Transforms the stateless Phase 1 agent into one with persistent conversational memory across sessions. Every LLM call now receives:

  1. Short-term context: Last 20 messages from Redis (zero-latency in-session history)
  2. Long-term context: Up to 3 semantically relevant past exchanges from pgvector (cross-session recall)

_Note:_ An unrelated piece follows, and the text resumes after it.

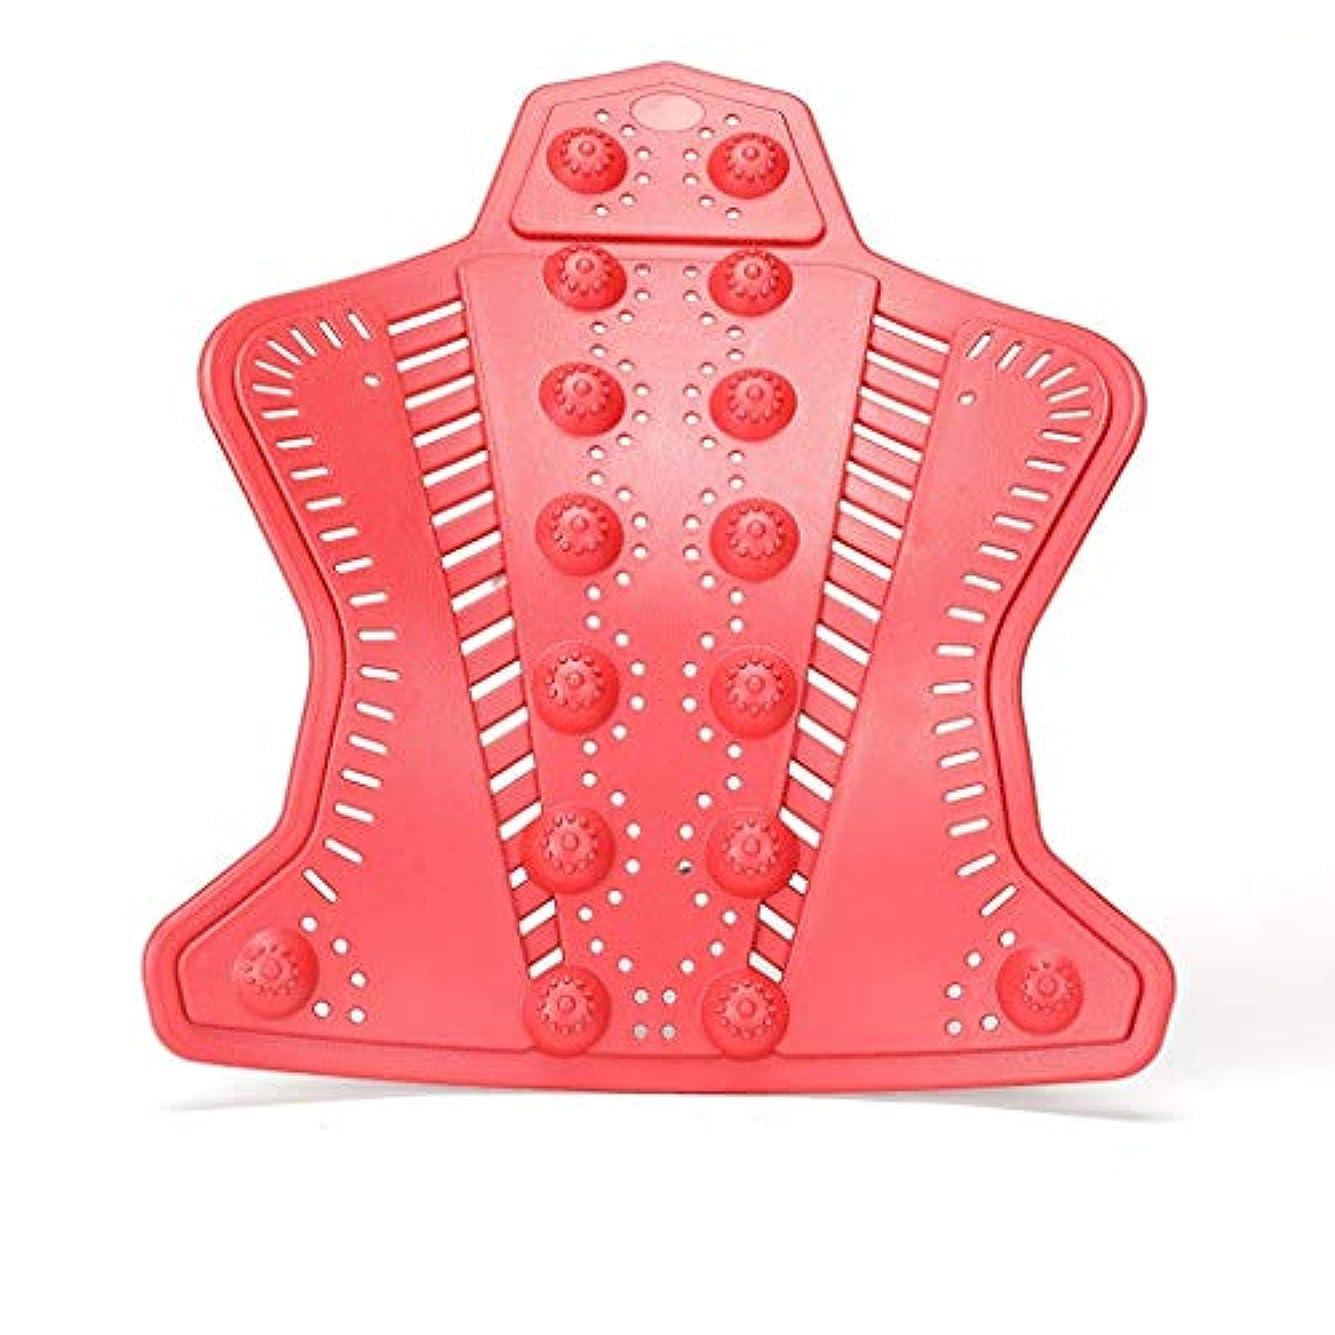 ブラウザ表現実験をする背中のマッサージストレッチャーストレッチマジックウエストサポート首リラックス脊椎の痛み頚椎腰椎牽引ザトウクジラデバイス,Red

The embedding backfill runs asynchronously — the LLM response is never blocked.

Task Execution

Task 1: DB models, migration, and memory modules with tests

Status: Complete

TDD Cycle:

  • RED: Wrote 10 unit tests (fakeredis, short_term) + 6 integration tests (pgvector, long_term) → ImportError confirmed failure
  • GREEN: Implemented all modules → 16/16 tests pass

Files created:

  • packages/shared/shared/models/memory.py — ConversationEmbedding ORM with Vector(384) column
  • packages/orchestrator/orchestrator/memory/__init__.py — Package init with architecture doc
  • packages/orchestrator/orchestrator/memory/short_term.py — RPUSH/LTRIM sliding window
  • packages/orchestrator/orchestrator/memory/long_term.py — pgvector HNSW cosine search
  • migrations/versions/002_phase2_memory.py — Alembic migration with HNSW index and RLS

Files modified:

  • packages/shared/shared/redis_keys.py — Added memory_short_key, escalation_status_key, pending_tool_confirm_key
  • packages/shared/pyproject.toml — Added pgvector>=0.4.2
  • packages/orchestrator/pyproject.toml — Added sentence-transformers>=3.0.0

Commit: 28a5ee9

Task 2: Wire memory into orchestrator pipeline

Status: Complete

Files created:

  • packages/orchestrator/orchestrator/memory/embedder.py — Lazy singleton SentenceTransformer with embed_text() / embed_texts()

Files modified:

  • packages/orchestrator/orchestrator/agents/builder.py — Added build_messages_with_memory()
  • packages/orchestrator/orchestrator/agents/runner.py — Added optional messages parameter (backward compat)
  • packages/orchestrator/orchestrator/tasks.py — Wired memory pipeline + new embed_and_store Celery task

Commit: 45b9573

Memory Pipeline Flow

handle_message (Celery task)
    │
    ├── BEFORE LLM CALL:
    │     1. get_recent_messages(redis)         → last 20 turns
    │     2. embed_text(user_text)              → 384-dim query vector
    │     3. retrieve_relevant(session, ...)    → top-3 past exchanges (cosine >= 0.75)
    │     4. build_messages_with_memory(...)    → enriched messages array
    │
    ├── run_agent(msg, agent, messages=enriched_messages)
    │     └── POST /complete to llm-pool
    │
    └── AFTER LLM RESPONSE:
          5. append_message(redis, user_turn)   → update sliding window
          6. append_message(redis, asst_turn)   → update sliding window
          7. embed_and_store.delay(...)          → fire-and-forget pgvector backfill

Security Properties

  • Cross-tenant isolation: pgvector queries pre-filter by tenant_id BEFORE ANN operator; RLS enforces at DB level as secondary backstop
  • Cross-agent isolation: agent_id pre-filter ensures agent A cannot recall agent B's memory
  • Cross-user isolation: user_id pre-filter ensures user A cannot see user B's memory
  • Redis isolation: memory_short_key format {tenant_id}:memory:short:{agent_id}:{user_id} ensures namespace separation

Deviations from Plan

Auto-fixed Issues

1. [Rule 3 - Blocking] Updated Docker postgres image to support pgvector extension

  • Found during: Task 1 integration test run
  • Issue: postgres:16-alpine does not include the pgvector extension. Migration 002_phase2_memory.py fails with: extension "vector" is not available — Could not open extension control file
  • Fix: Changed docker-compose.yml postgres image from postgres:16-alpine to pgvector/pgvector:pg16. Restarted container. Migration ran cleanly.
  • Files modified: docker-compose.yml
  • Commit: 28a5ee9 (included in Task 1 commit)

Self-Check: PASSED

All 8 created files exist on disk. Both commits (28a5ee9, 45b9573) confirmed present in git log. 202 tests pass.